Viking Therapeutics is a clinical-stage biopharmaceutical company focused on the development of novel first-in-class or best-in-class therapies for the treatment of metabolic and endocrine disorders, with three compounds currently in clinical trials. Viking's research and development activities leverage its expertise in metabolism to develop innovative therapeutics designed to improve patients' lives. The company's clinical programs include VK2809, a novel, orally available, small molecule selective thyroid hormone receptor beta agonist for the treatment of lipid and metabolic disorders, which is currently being evaluated in a Phase 2b study for the treatment of biopsy-confirmed non-alcoholic steatohepatitis (NASH) and fibrosis. In a Phase 2a trial for the treatment of non-alcoholic fatty liver disease (NAFLD) and elevated LDL-C, patients who received VK2809 demonstrated statistically significant reductions in LDL-C and liver fat content compared with patients who received placebo. The company is also developing VK2735, a novel dual agonist of the glucagon-like peptide 1 (GLP-1) and glucose-dependent insulinotropic polypeptide (GIP) receptors for the potential treatment of various metabolic disorders. Data from a Phase 1 and a Phase 2a trial evaluating VK2735 (dosed subcutaneously) for metabolic disorders demonstrated an encouraging safety and tolerability profile as well as positive signs of clinical benefit. The company is also evaluating an oral formulation of VK2735 in a Phase 1 trial. In the rare disease space, the company is developing VK0214, a novel, orally available, small molecule selective thyroid hormone receptor beta agonist for the potential treatment of X-linked adrenoleukodystrophy (X-ALD). VK0214 is currently being evaluated in a Phase 1b clinical trial in patients with the adrenomyeloneuropathy (AMN) form of X-ALD. The company holds exclusive worldwide rights to a portfolio of five therapeutic programs, including VK2809 and VK0214, which are based on small molecules licensed from Ligand Pharmaceuticals Incorporated.

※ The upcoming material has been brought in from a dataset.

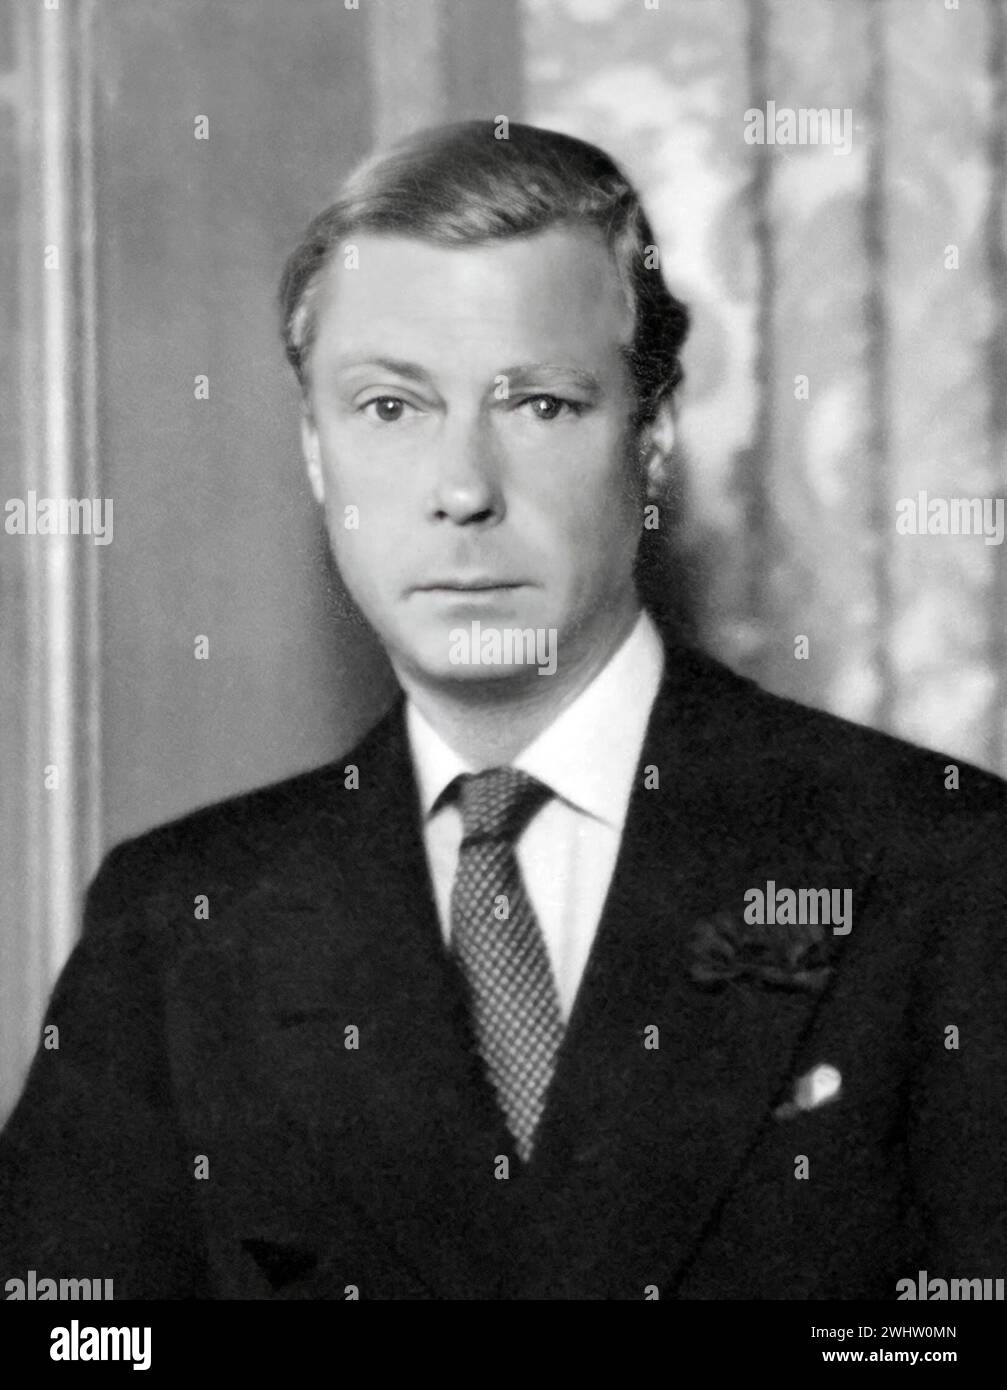 Duc de Windsor. Portrait du roi Édouard VIII, duc de Windsor (1894-1972), v. 1934 Banque D'Images

This press release contains forward-looking statements regarding Viking Therapeutics, Inc., under the safe harbor provisions of the U.S. Private Securities Litigation Reform Act of 1995, including statements about Viking's expectations regarding its clinical and preclinical development programs. Forward-looking statements are subject to risks and uncertainties that could cause actual results to differ materially and adversely and reported results should not be considered as an indication of future performance. These risks and uncertainties include, but are not limited to: risks associated with the success, cost and timing of Viking's product candidate development activities and clinical trials, including those for VK2735, VK0214, VK2809, and the company's other incretin receptor agonists; risks that prior clinical and preclinical results may not be replicated; risks regarding regulatory requirements; and other risks that are described in Viking's most recent periodic reports filed with the Securities and Exchange Commission, including Viking's Annual Report on Form 10-K for the year ended December 31, 2023 including the risk factors set forth in those filings. These forward-looking statements speak only as of the date hereof. Viking disclaims any obligation to update these forward-looking statements except as required by law.